To verify if the predicates are sent, we use the Spark’s explain method to examine the query plan produced by Spark for a simple query with a filter:

zipDf
    .filter($"pop" > 0)
    .select("state")
    .explain(true)

Output:

== Parsed Logical Plan ==
[...]

== Analyzed Logical Plan ==
[...]

== Optimized Logical Plan ==
[...]

== Physical Plan ==
*Project [state#4]
+- *Filter (isnotnull(pop#3) && (pop#3 > 0))
   +- *Scan MongoRelation(MongoRDD[0] at RDD at MongoRDD.scala:52,Some(StructType(StructField(_id,StringType,true), StructField(city,StringType,true), StructField(loc,ArrayType(DoubleType,true),true), StructField(pop,IntegerType,true), StructField(state,StringType,true)))) [state#4,pop#3] PushedFilters: [IsNotNull(pop), GreaterThan(pop,0)], ReadSchema: struct<state:string>

We can see in the physical plan generated by the Catalyst optimizer, the name of the fields to project (state and pop), and the filters to push (pop not null and pop greater than 0).

To confirm what is actually executed on the MongoDB nodes, we need to increase MongoDB’s log level and examine the system.profile collection.

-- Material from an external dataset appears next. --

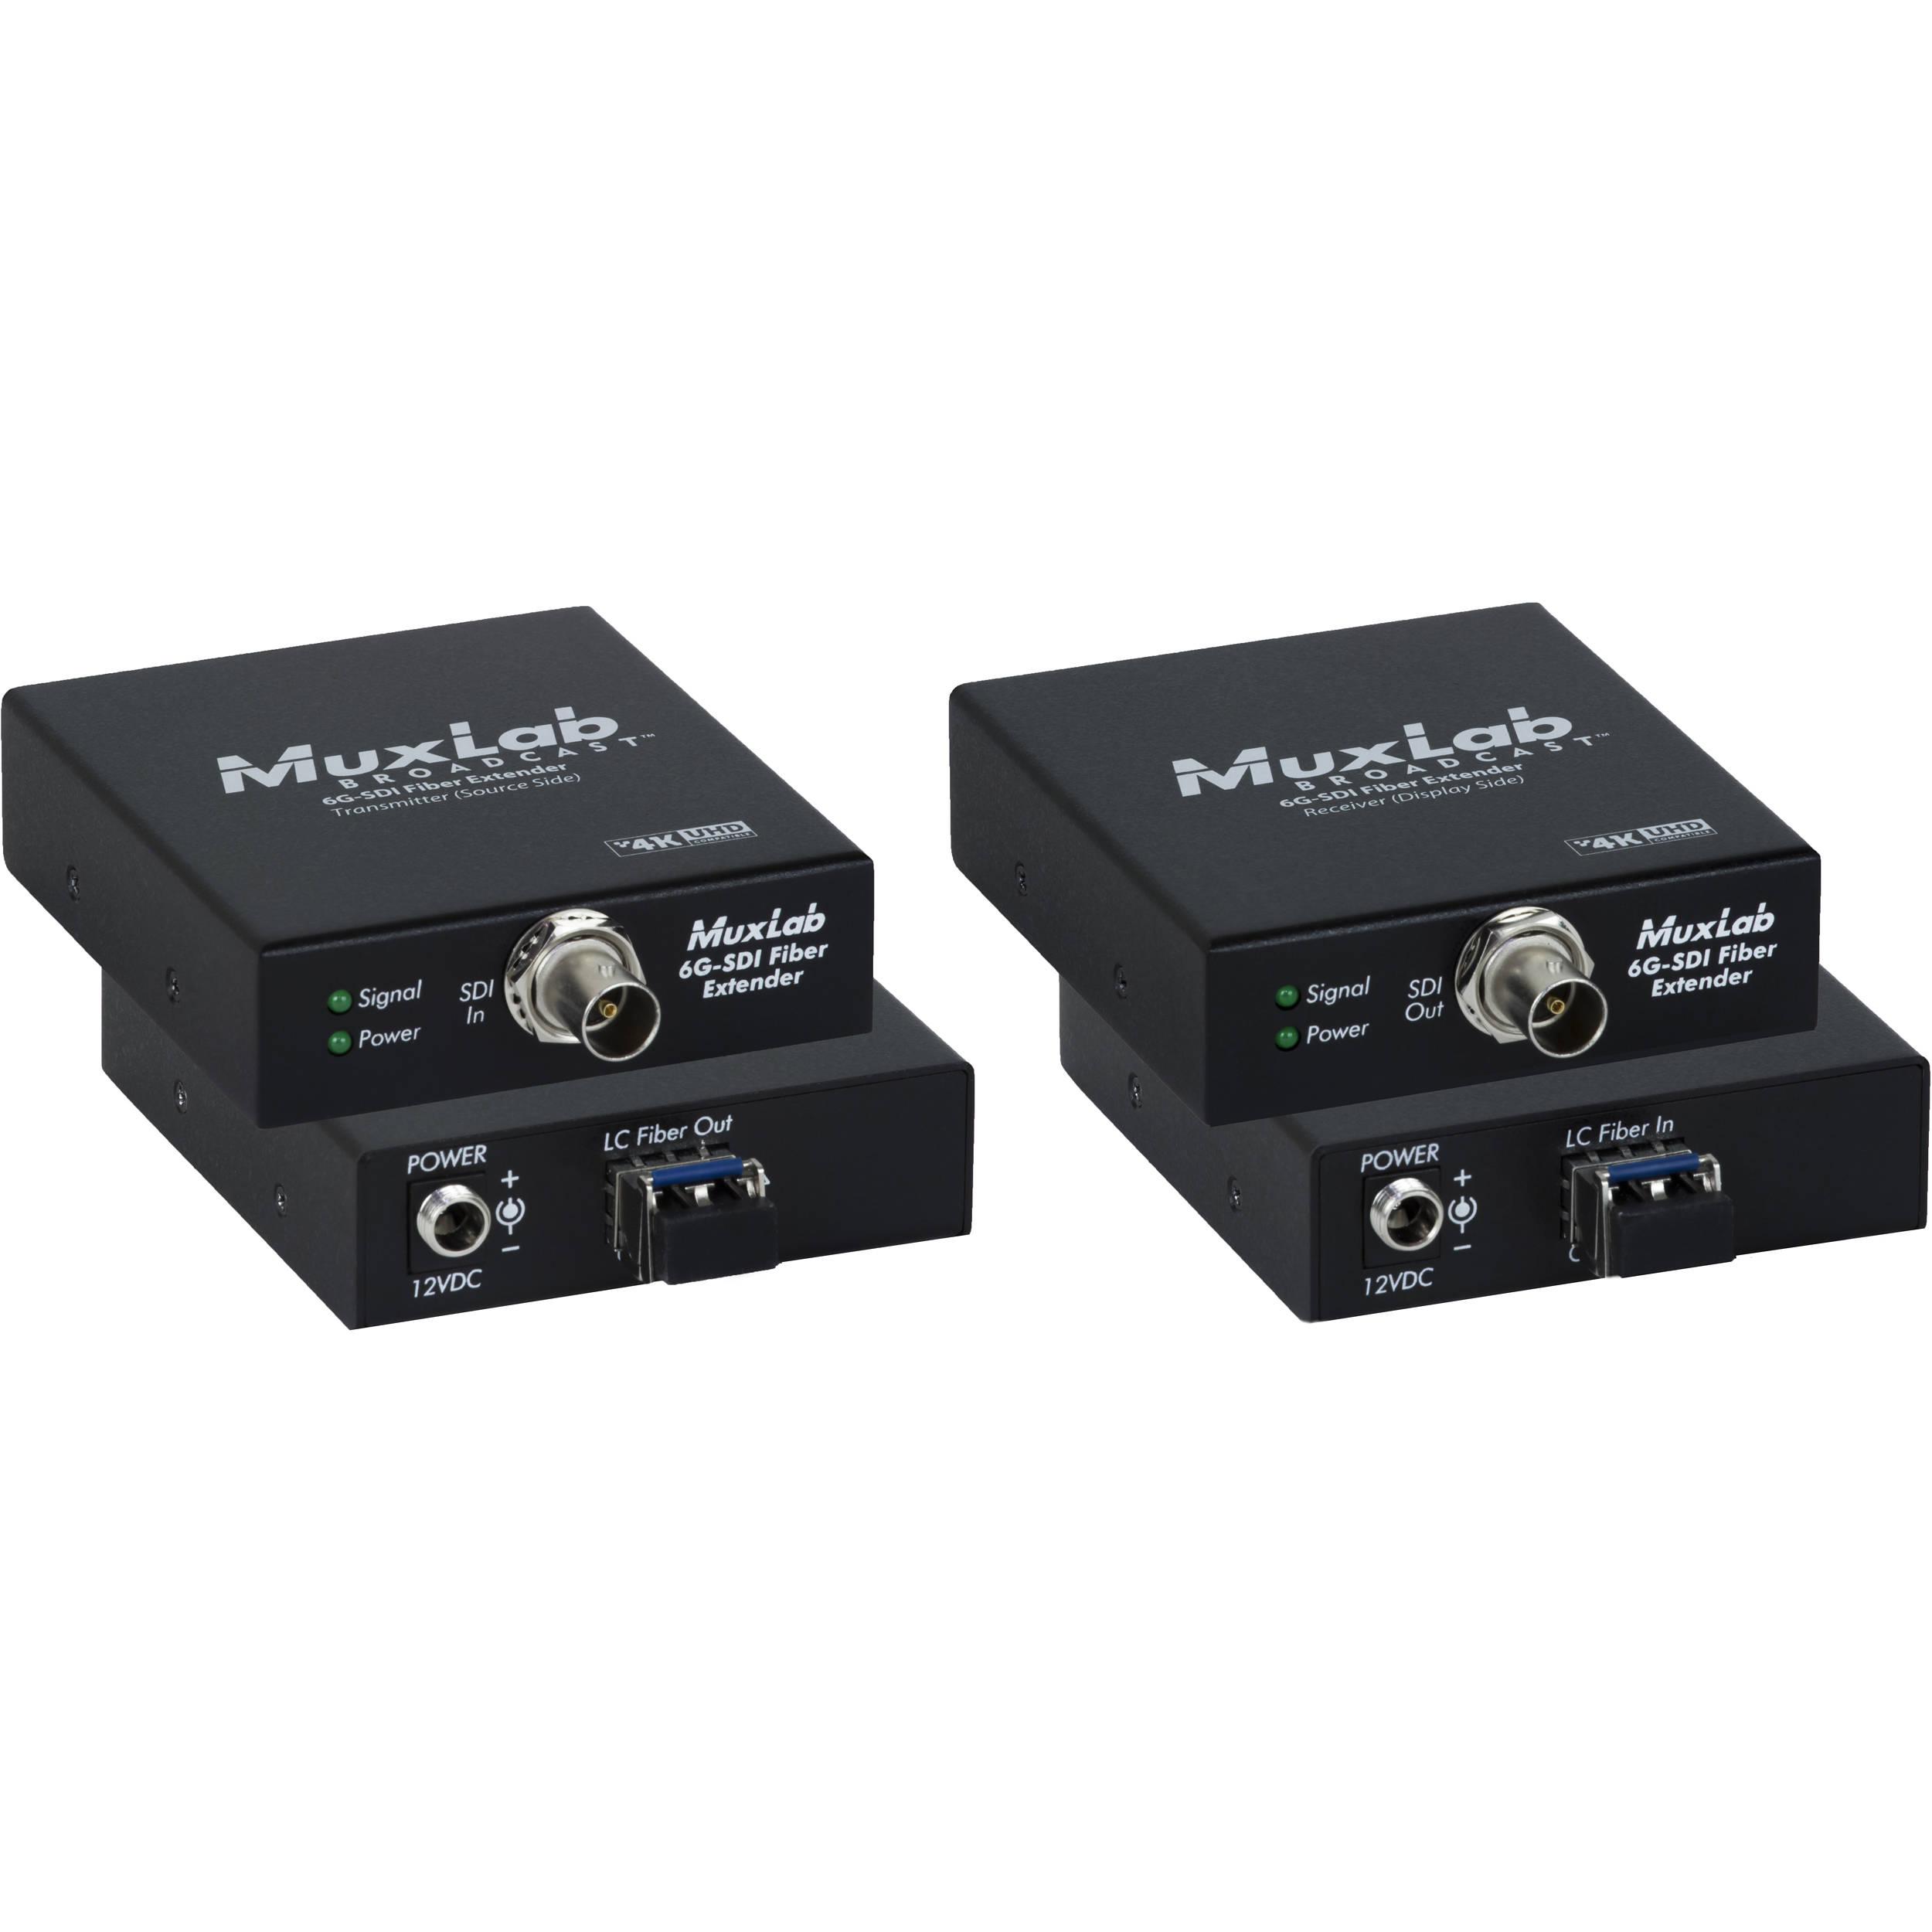 Https C Product 1205105 Reg Noga Power Indicator Guard Muxlab 500712 6g Sdi Fiber Extender Kit 1262714

Enable the logging on MongoDB, run the Spark query again, and find the trace of the query in the system.profile collection:

$mongo
MongoDB shell version: 3.2.11
connecting to: test

> db.setProfilingLevel(2)
> db.system.profile.find().pretty()

The result is:

{
	"op" : "command",
	"ns" : "test.zips",
	"command" : {
		"aggregate" : "zips",
		"pipeline" : [
			{
				"$match" : {
					"_id" : {
						"$gte" : { "$minKey" : 1 },
						"$lt" : { "$maxKey" : 1 }
					}
				}
			},
			{
				"$match" : {
					"pop" : {
						"$exists" : true,
						"$ne" : null,
						"$gt" : 0
					}
				}
			},
			{
				"$project" : {
					"state" : 1,
					"pop" : 1,
					"_id" : 0
				}
			}
		],
		"cursor" : {

		},
		"allowDiskUse" : true
	},
	[...]
}

The result shows the $project and $match clauses executed by MongoDB and, as expected, they match the Spark’s physical plan.

Conclusion

In this article, I have shown how to connect to a MongoDB database with Apache Spark to load and query the data. The connector provides a set of utility methods to easily load data from MongoDB to a DataFrame.

I have also presented how a MongoDB Document is mapped to a Spark’s DataFrame. Because of the hierarchical nature of a Document, only the first level of attributes is mapped to columns. Inner documents become nested columns.

Finally, I have described how the connector minimizes the data loaded in Spark by taking advantage of the predicates pushdown optimization, an essential feature of every connector. The connector does a good job of sending the predicates automatically, but it is helpful to know how to confirm if and how the predicates are applied on the MongoDB side.

In conclusion, the connector is fully functional to take benefit from using Spark on top of MongoDB.